Bravo has also guided her through practical steps – helping her register for fall classes during the summer and, this fall, reminding her of the deadlines to submit the FAFSA and register for spring classes.

Having Bravo as her mentor “feels like a friend. You don’t feel like you’re talking to a mentor,” Chin says. “She’s played a really big role into me transitioning into MCC.”


This Giving Tuesday, We’re Grateful for You

In honor of Giving Tuesday, our board is matching private donations dollar-for-dollar, up to $1,000. This is the first time in four years we’re actively seeking individual contributions and we hope you’ll give what you can, no matter the amount, at https://www.achievehartford.org/.

Since its founding, Achieve Hartford has worked to serve low-income, underserved people, most of whom are people of color. The pandemic has revealed to the wider population what we knew and have been working to address for 12 years: Children growing up in low-income households have less likelihood of starting and completing college, no matter how hard working and intelligent they are.

“We believe, with the right supports and encouragement, every high school student can get on a path to reaching their potential,” says Paul Diego Holzer, executive director. “The students we mentor are grateful to their mentors for helping them beat the odds and start and persist in college. We’re grateful to our funders for helping make our work possible.”

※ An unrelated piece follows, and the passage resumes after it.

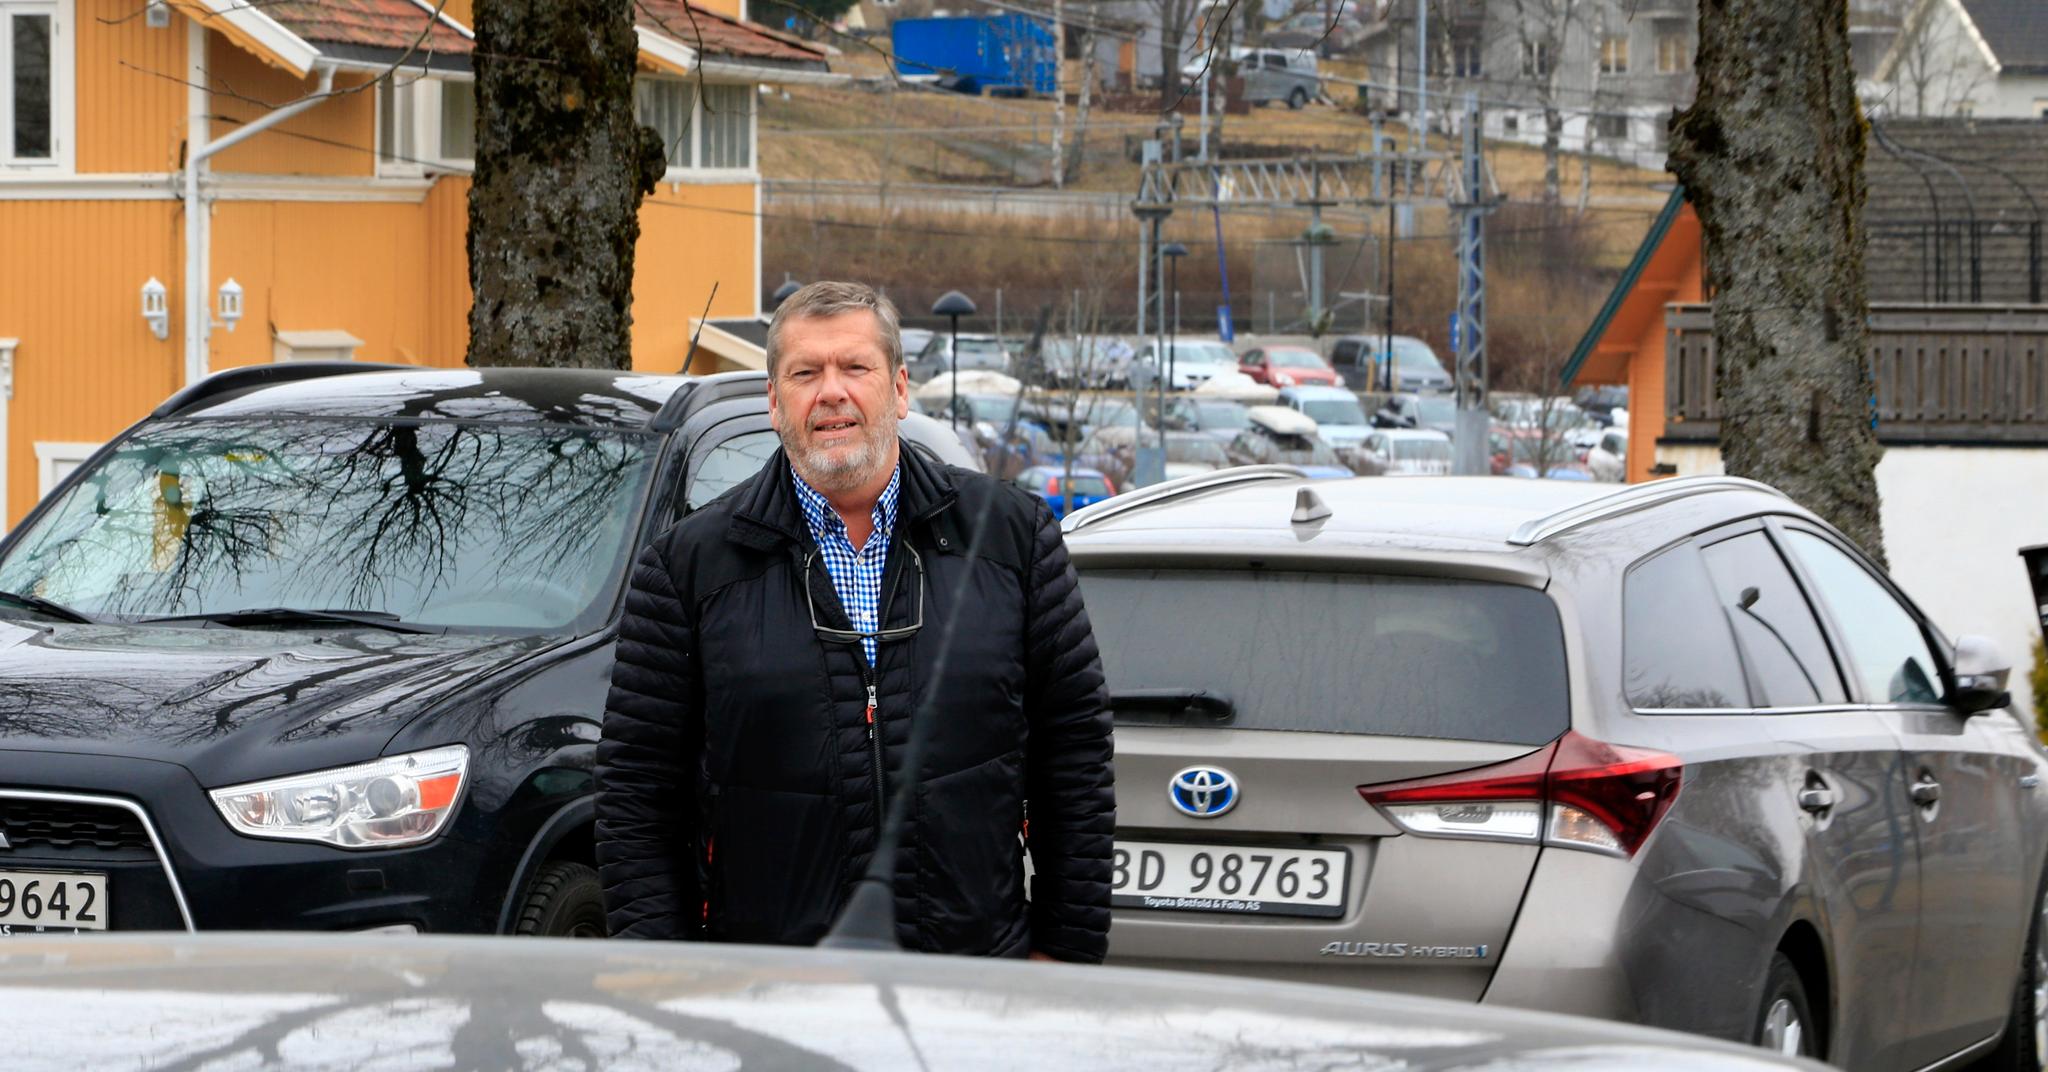 – Vi bygger mange boliger i sentrum, som gir mindre behov for parkering. Men allerede i dag sliter jeg med å finne parkeringsplass. Vi klarer ikke å lage et samfunn her uten biler, sier ordfører Tom Arne Ludvigsen (Ap) i Follo-kommunen Vestby.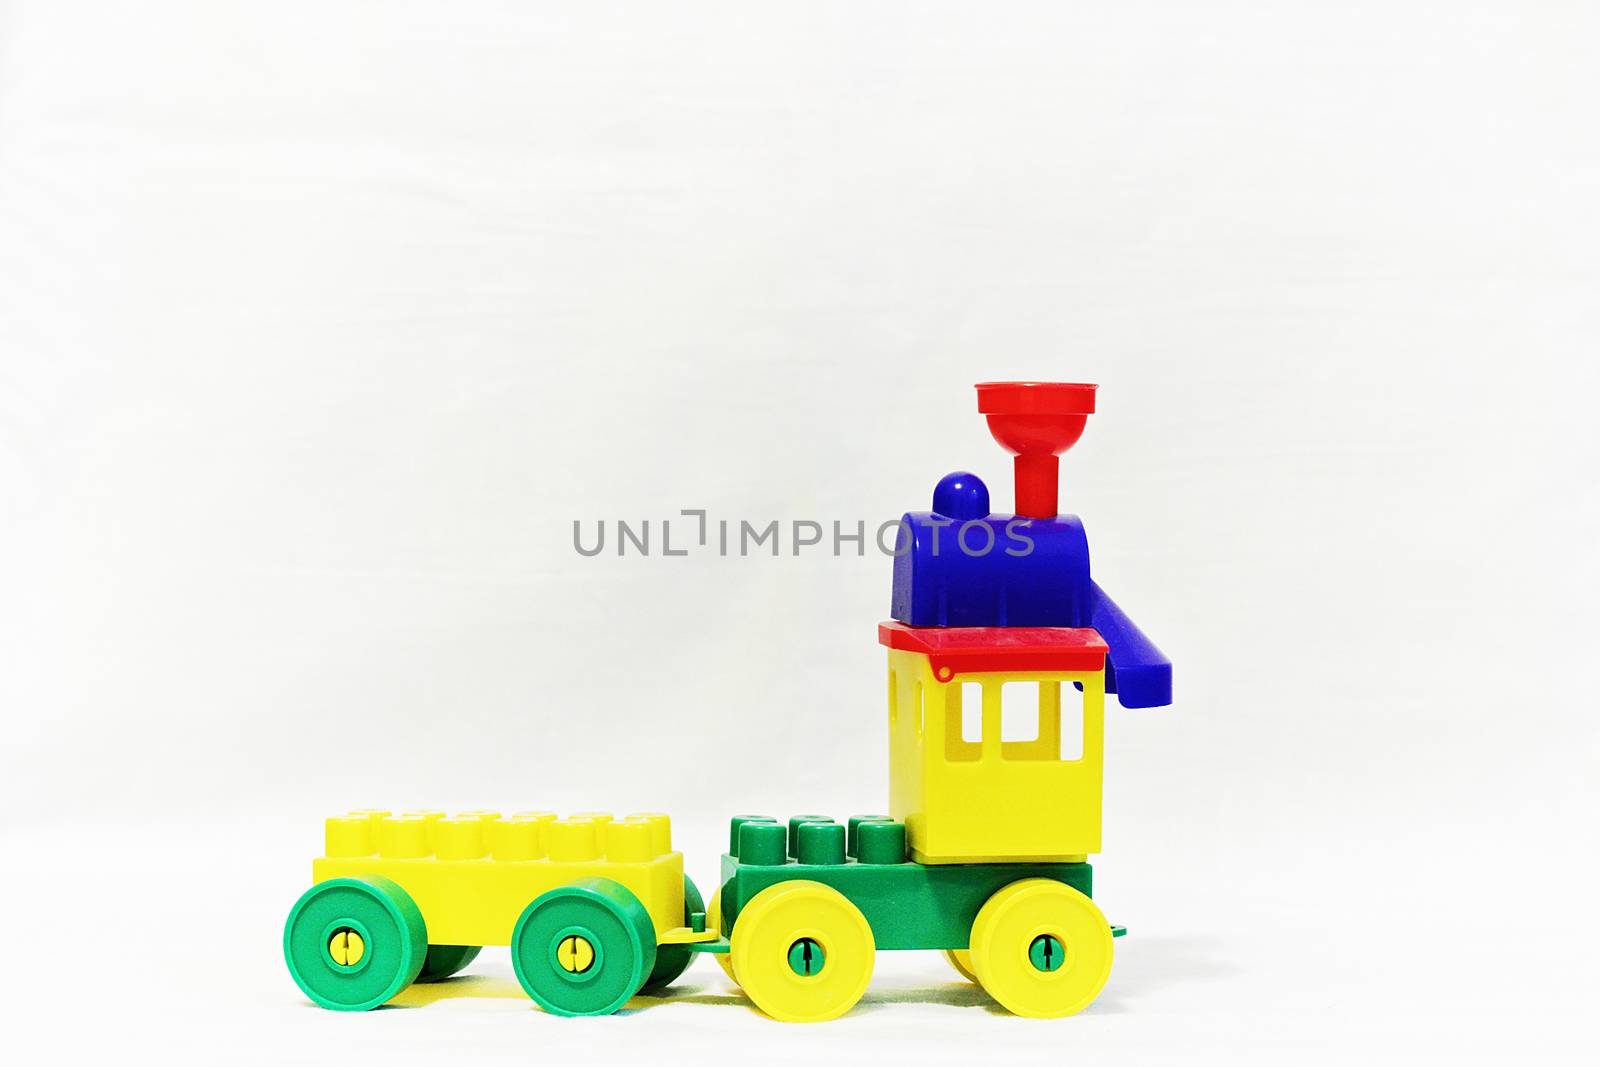 Children's toy designer train. by andsst

In the words of our mentor, Isis Murillo Bravo, a Manchester Community College student, a big part of her job is reassuring first-generation students that their struggles and self-doubt are universal. When they tell her they can’t find the time to do their homework and are ready to drop out, “I calm them down and help them understand those feelings are valid. We all go through them. I make sure they know they’re not alone,” she says. “I tell them, because they’re learning to feel comfortable asking questions, they’re ahead of their peers.”